Given information

**********

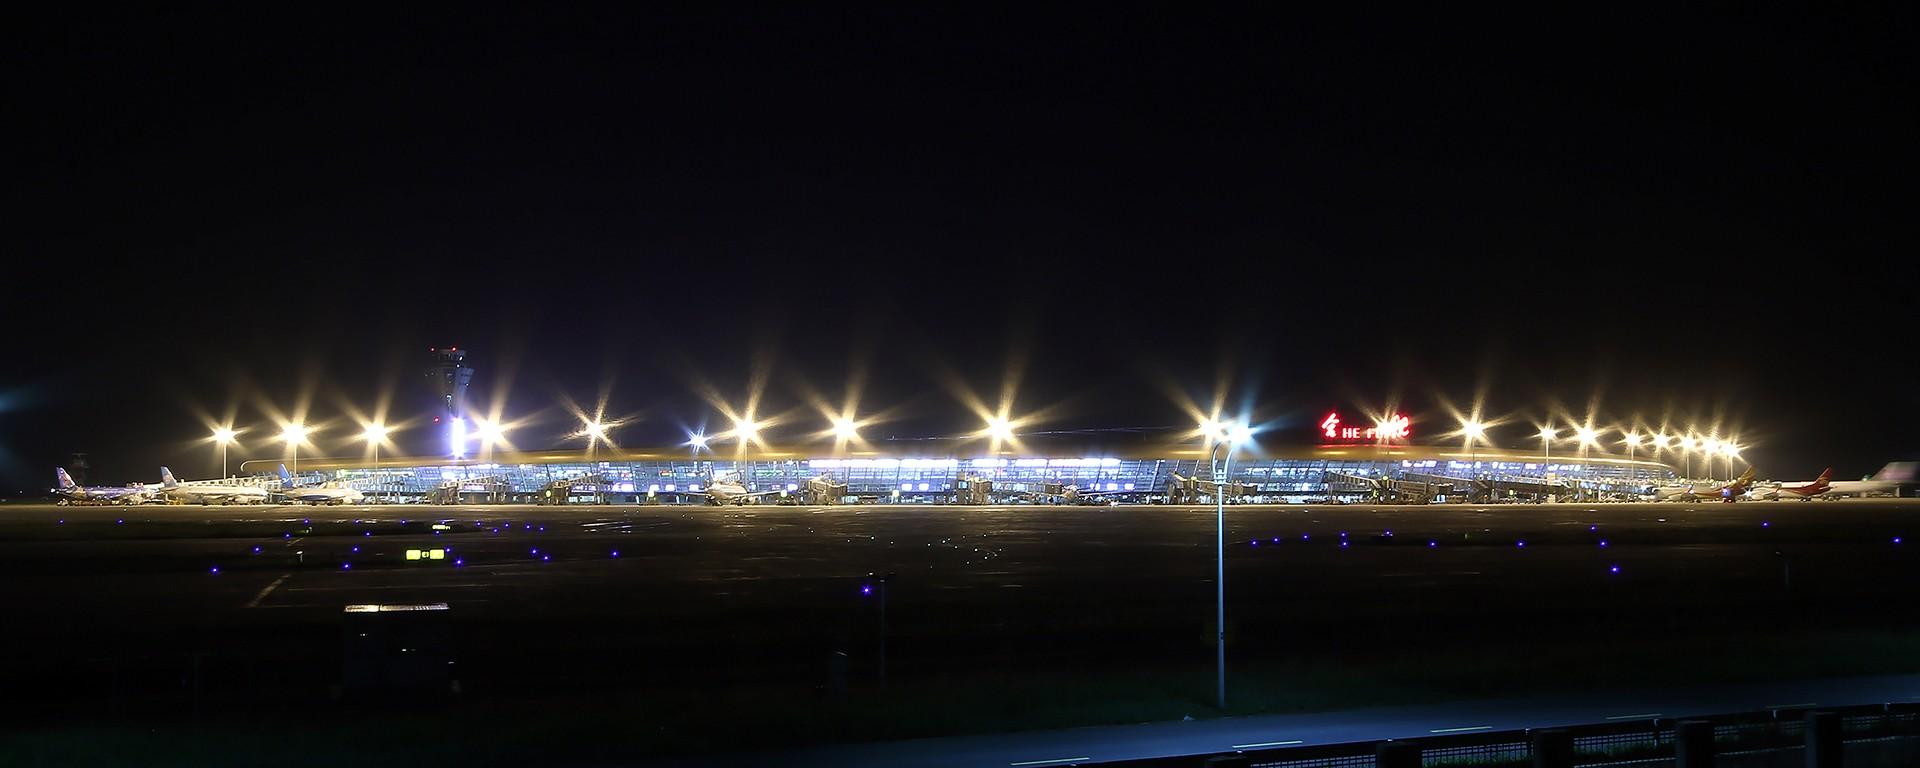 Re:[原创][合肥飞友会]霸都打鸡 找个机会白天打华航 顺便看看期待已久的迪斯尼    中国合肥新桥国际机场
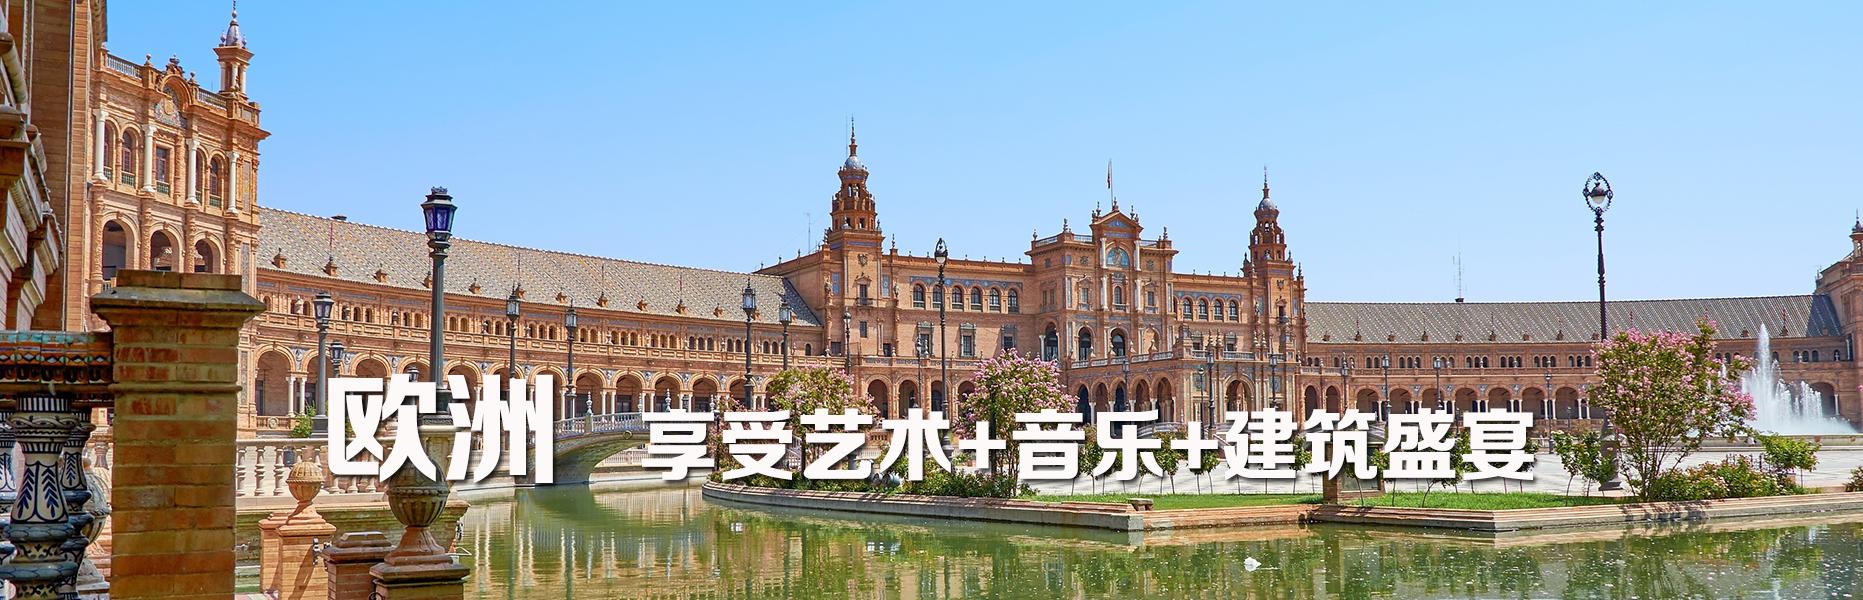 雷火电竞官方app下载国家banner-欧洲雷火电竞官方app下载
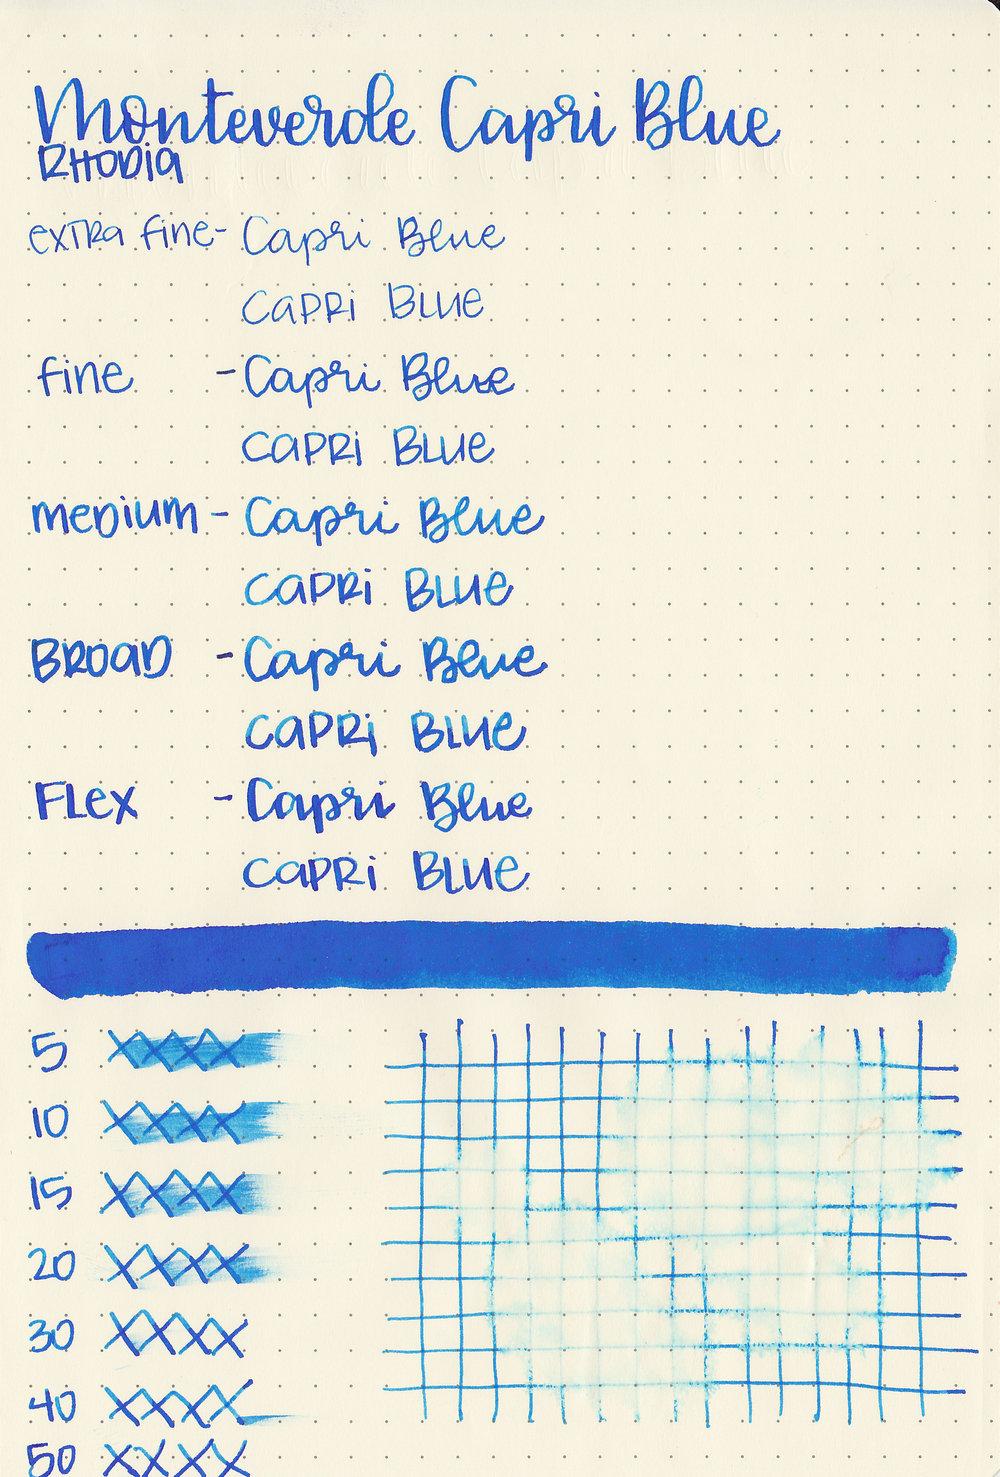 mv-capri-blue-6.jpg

**********

Action item
Every line from the one containing "雷火电竞官方app下载国家banner-欧洲雷火电竞官方app下载" through the last line of the data, both included, is to be repeated exactly; the pictures are to be left out.

Output
 雷火电竞官方app下载国家banner-欧洲雷火电竞官方app下载
 mv-capri-blue-6.jpg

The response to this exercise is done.